Chez les bougnats, on ne se plaignait d’ailleurs pas, on ne parlait pas de l’exil vers la capitale, et si on regrettait la dureté d’une vie sur la terre volcanique qui avait forcé les uns et les autres au grand départ, on ne s’apitoyait jamais. On gardait la tête froide, le verbe rare, la poignée de main poussiéreuse mais virile. « Je vous livre mardi matin, parole de bougnat…Et le mardi matin, avant que midi ne sonne à Saint-Pierre de Montrouge, tu entendais le ramdam des cinquante, cent, ou cent cinquante kilos de briquettes noires que le charbonnier te faisait dégringoler dans le coffre à charbon, sur le palier, côté escalier de service. "Le Bon Coin ?" ce n’était pas une marque déposée, un nom enregistré dans un quelconque institut de la propriété intellectuelle. Personne ne te faisait chier avec ce genre de conneries. Tu disais : « Le bon con » et tout le monde comprenait de quel « Bon Coin » il s’agissait. Le Bon Coin était à la bistroterie ce qu’étaient à l’hôtellerie de province les dizaines d’hôtels du Lion D’or, qui n’avais jamais vu de grands fauves, et les centaines d’auberges du Cheval Blanc, où jamais un canasson n’avait foutu les sabots.

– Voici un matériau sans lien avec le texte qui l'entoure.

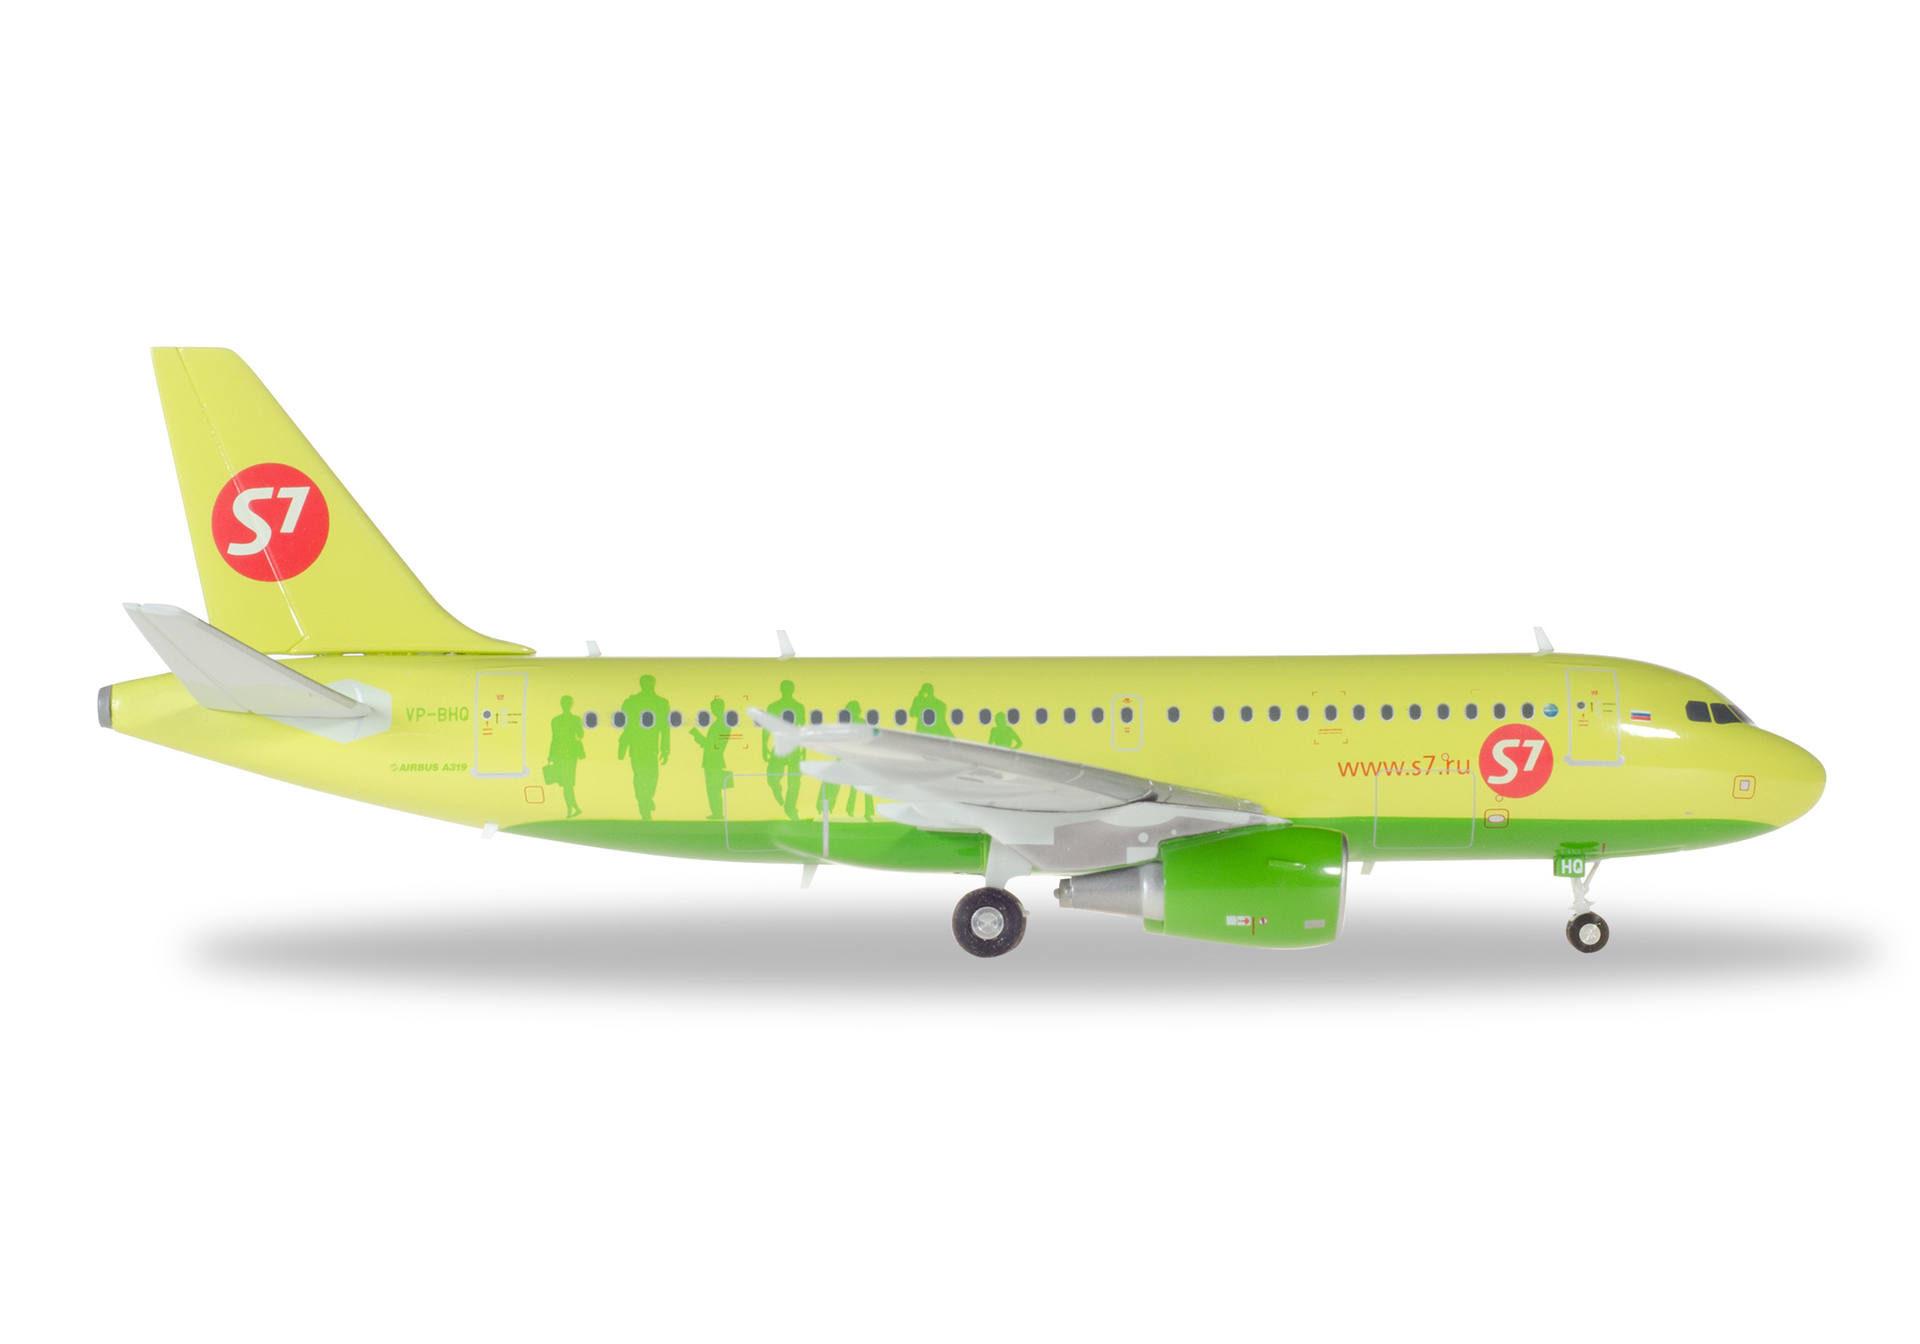 Herpa S7 Airlines Airbus A319 - VP-BHQ 559072

Je pense que les bougnats préféraient le nom de « Bon Coin » à un quelconque « Bon accueil ». Ils n’étaient pas très causants. Accueillir aurait nécessité des parlotes en quantité alors qu’il était plutôt dans la nature profonde de ces hommes de se montrer avares en parole pour ne pas perdre de temps, optimiser les tournées, quitte à terminer la journée avec une belote, un ballon de gentiane accessible pas loin du tapis vert.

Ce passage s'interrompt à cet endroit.